Medouneu : quand les habitants reprennent la machette faute de budget municipal
À Medouneu, la broussaille a repris ses droits entre Atout et Mon Béni. Depuis sept mois, la mairie tourne sans budget et ne peut plus intervenir. Résultat : ce sont les habitants eux-mêmes qui sortent les machettes pour rouvrir l’axe. Un geste citoyen qui dit deux choses à la fois : la débrouille locale tient encore, et l’État local est à bout de souffle.
Medouneu n’est pas un cas isolé. Plusieurs communes gabonaises fonctionnent en mode survie depuis le début de l’année. Sans dotation, pas de carburant pour les engins, pas de primes pour les équipes, pas de marché de prestation. La première conséquence ne se voit pas dans les comptes, elle se voit sur le terrain : routes envahies, caniveaux bouchés, déchets qui s’accumulent.
Ce tronçon n’a rien d’anodin. C’est un passage quotidien pour les riverains, les élèves, les petits commerçants, les taxis-motos. Quand la haute broussaille referme la voie, la circulation ralentit, les accidents montent, l’accès aux services devient pénible. Ce qui ressemble à un problème d’entretien est en réalité un problème d’accès.

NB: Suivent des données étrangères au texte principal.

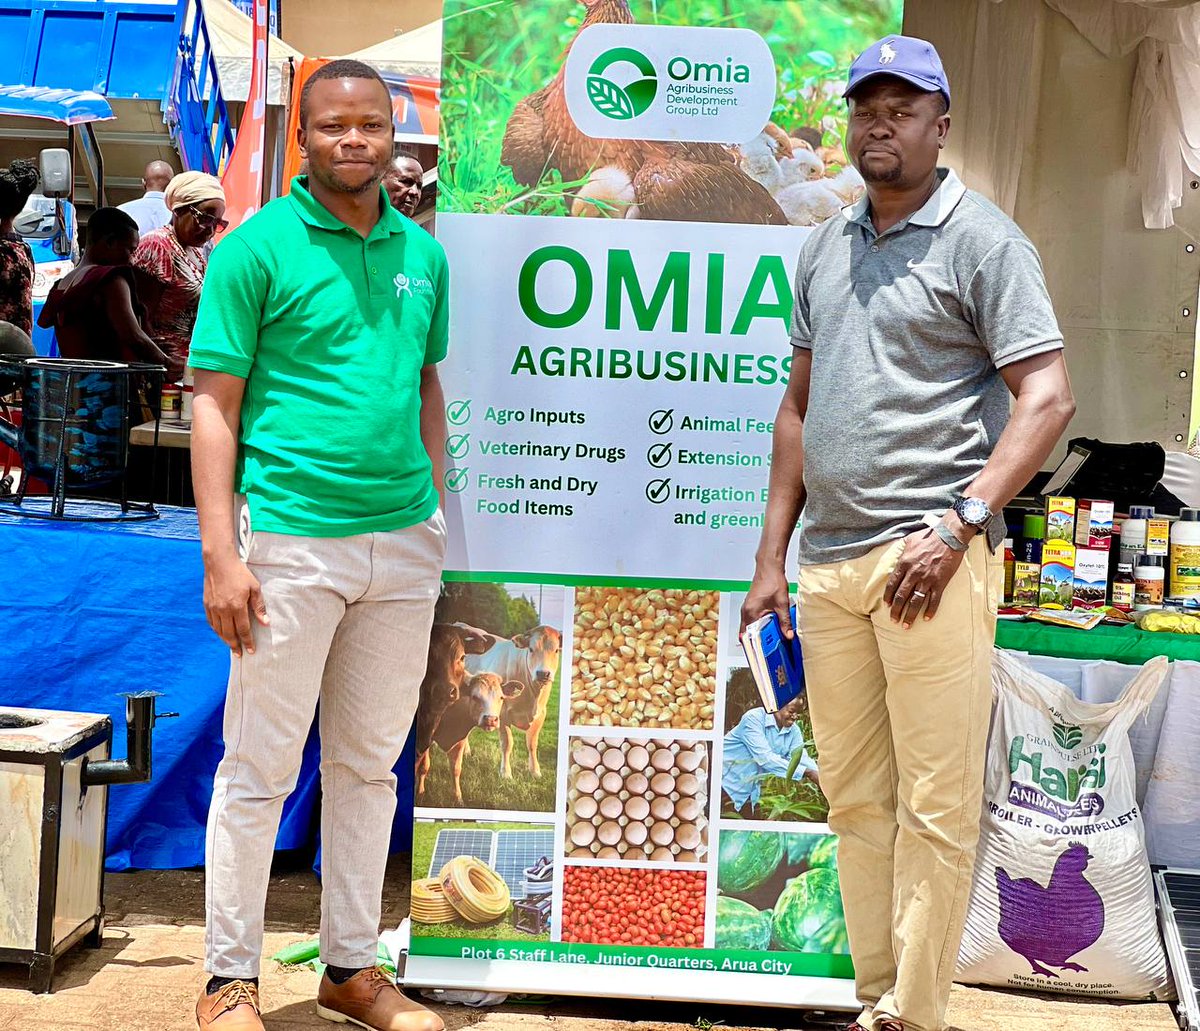 Yesterday , I ran into Mr. Atwiine John, a senior agriculture teacher from my alma mater, St. Henry's College Kitovu, at the #HarvestMoneyExpo. It seems like he's cooking up something exciting for the college. Agriculture students, brace yourselves!

La mairie a la responsabilité légale de l’entretien des voiries communales. Mais sans ligne budgétaire, sans trésorerie, elle ne peut ni acheter le matériel, ni mobiliser une équipe. Dire que “la mairie ne fait rien” masque la réalité : elle n’a plus les moyens de faire. Et c’est là que le malaise s’installe entre élus et administrés.
Face à l’urgence, des habitants ont pris les machettes. Le geste est respectable. Il évite que le quartier ne s’enferme. Il montre une capacité d’auto-organisation. Mais il ne règle pas le fond : l’entretien régulier demande de l’équipement, de la sécurité, une planification. Une opération ponctuelle ne remplace pas un service public.

Laisser la broussaille gagner, c’est payer plus tard. Les routes se dégradent plus vite, l’eau stagne, les moustiques prolifèrent, les véhicules s’usent. Le coût de la réhabilitation après six mois d’abandon est toujours supérieur au coût d’un entretien trimestriel. L’économie du report ne tient jamais.
Le problème remonte en amont : transfert des dotations, lenteur des procédures, priorités budgétaires nationales. Une commune ne peut pas préfinancer indéfiniment. Sans mécanisme d’avance ou de dérogation, elle reste spectatrice. Le débat n’est pas idéologique, il est logistique et financier.
L’engagement des habitants est précieux, mais il ne doit pas servir d’alibi. Une collectivité qui s’habitue à compter sur la solidarité informelle perd sa capacité à planifier. L’enjeu est de transformer l’élan citoyen en partenariat structuré : la mairie cadre, fournit la sécurité et la coordination, les habitants participent sur des tâches définies.
Trois leviers sont immédiats. Premièrement, une avance de trésorerie ciblée pour l’entretien minimal des axes vitaux. Deuxièmement, un diagnostic rapide des tronçons critiques pour prioriser l’action. Troisièmement, un protocole simple avec les comités de quartier pour encadrer les travaux citoyens et éviter les accidents.
Les habitants ne demandent pas l’impossible. Ils demandent une rue praticable, un caniveau qui draine, un éclairage qui tient. Quand l’État local règle ces détails, la confiance revient. Et avec la confiance, les recettes locales remontent, les projets avancent, le cercle vertueux se relance.
Si Medouneu rouvre l’axe Atout–Mon Béni de manière durable, ce sera la preuve qu’on peut sortir du blocage sans attendre la prochaine loi de finances. Il faut pour ça que l’administration centrale accepte des solutions de court terme, que la mairie assume le pilotage, et que les habitants gardent leur vigilance. Une route dégagée, c’est moins spectaculaire qu’un discours, mais c’est ça qui change une journée.